Дело №2а-230/2025

УИД № 65RS0016-01-2025-000326-90

РЕШЕНИЕ

Именем Российской Федерации

03 июля 2025 года гор. Углегорск

Углегорский городской суд Сахалинской области в составе:

председательствующего судьи – Калашниковой Ю.С.,

при секретаре – Ивановой А.С.,

с участием прокурора Шилина С.В., представителя административного ответчика ФИО1, действующего на основании доверенности от 09.01.2025,

рассмотрев в открытом судебном заседании в помещении Углегорского городского суда административное дело по административному исковому заявлению Углегорского городского прокурора, действующего в интересах неопределённого круга лиц, к администрации Углегорского муниципального округа Сахалинской области, о признании незаконным бездействия, возложении обязанности,

установил:

28.02.2025 Углегорский городской прокурор, действуя в интересах неопределенного круга лиц, обратился в Углегорский городской суд с административным исковым заявлением к администрации Углегорского муниципального округа о признании незаконным бездействия в связи с непринятием мер по обеспечению безопасности персональных данных, необходимых для обеспечения защиты персональных данных, предусмотренных Составом и содержанием организационных и технических мер по обеспечению безопасности персональных данных при их обработке в информационных системах персональных данных, утвержденных приказом ФСТЭК России от 18.02.2013 №21; возложении обязанности в течение трех месяцев со дня вступления решения суда в законную силу принять меры по обеспечению безопасности персональных данных путем: определения лиц, которым разрешены действия по внесению изменений в конфигурацию информационной системы и системы защиты персональных данных, определения событий безопасности, подлежащих регистрации и сроков их хранения; определения состава и содержания информации о событиях безопасности; осуществления сбора, записи и хранения информации о событиях безопасности в течение установленного времени хранения, их защите, в вышеуказанном порядке.

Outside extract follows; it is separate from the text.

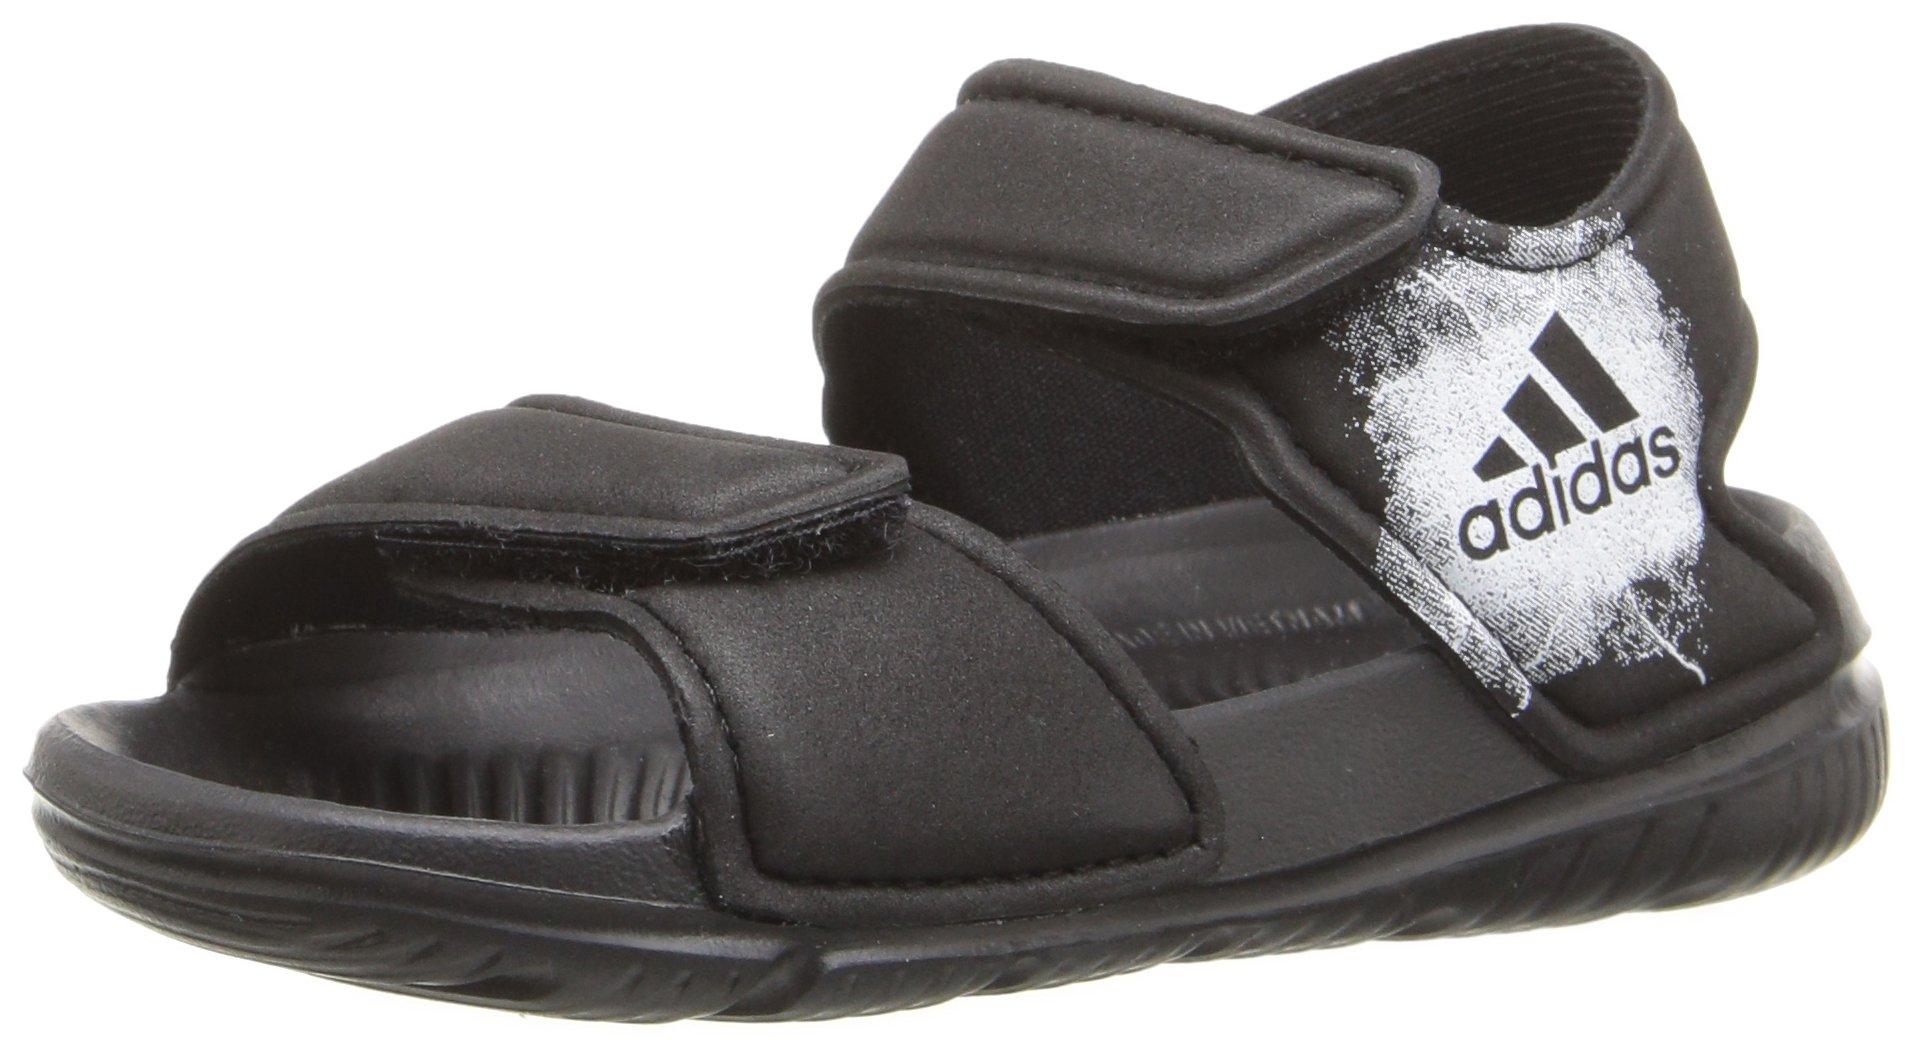 adidas Boys' Altaswim I Sandal, Black/White/Black, 4 M US Toddler

В обоснование заявленных требований указано, что Углегорской городской прокуратурой проведена проверка в сфере исполнения организациями, осуществляющими деятельность в сфере информационной безопасности, в ходе которой установлено, что отдел кадров администрации Углегорского муниципального округа использует программные комплексы 1-С, Свод-Смарт и Смета-Смарт, расположенные на серверах администрации Углегорского муниципального округа, в том числе в целях обработки персональных данных. Несмотря на то, что в администрации Углегорского муниципального округа определен 3 уровень защищенности персональных данных, мероприятия согласно требованиям пункта 8 приказа ФСТЭК России от 18.02.2013 №21, в том числе: по определению событий безопасности, подлежащих регистрации и сроков их хранения; состава и содержания информации о событиях безопасности; сбору, записи и хранению информации о событиях безопасности в течение установленного времени хранения; защите информации о событиях безопасности, не проведены; не реализуются мероприятия по определению лиц, которым разрешены действия по внесению изменений в конфигурацию информационной системы и системы защиты персональных данных. Указанные обстоятельства влекут нарушение требований федерального законодательства в указанной сфере, создают угрозу возможного неправомерного использования сведений, в том числе в неправомерных целях. На основании выявленных нарушений главе Углегорского муниципального округа 26.09.2024 внесено представление, однако, по настоящее время вышеуказанные мероприятия не реализовываются. В нарушение части 1 статьи 24 Федерального закона «О прокуратуре Российской Федерации» требования прокурора не исполнены. Принимая во внимание, что обработка персональных данных осуществляется в отношении неопределенного круга лиц, у прокурора имеются полномочия по инициированию их судебной защиты.

Протокольным определением Углегорского городского суда от 26.03.2025 к участию в деле в качестве заинтересованного лица привлечено МКУ «Централизованная бухгалтерия» Углегорского муниципального округа.

Протокольным определением Углегорского городского суда от 21.04.2025 к участию в деле в качестве заинтересованного лица привлечено МКУ «Эксплуатационное техническое управление» Углегорского муниципального округа.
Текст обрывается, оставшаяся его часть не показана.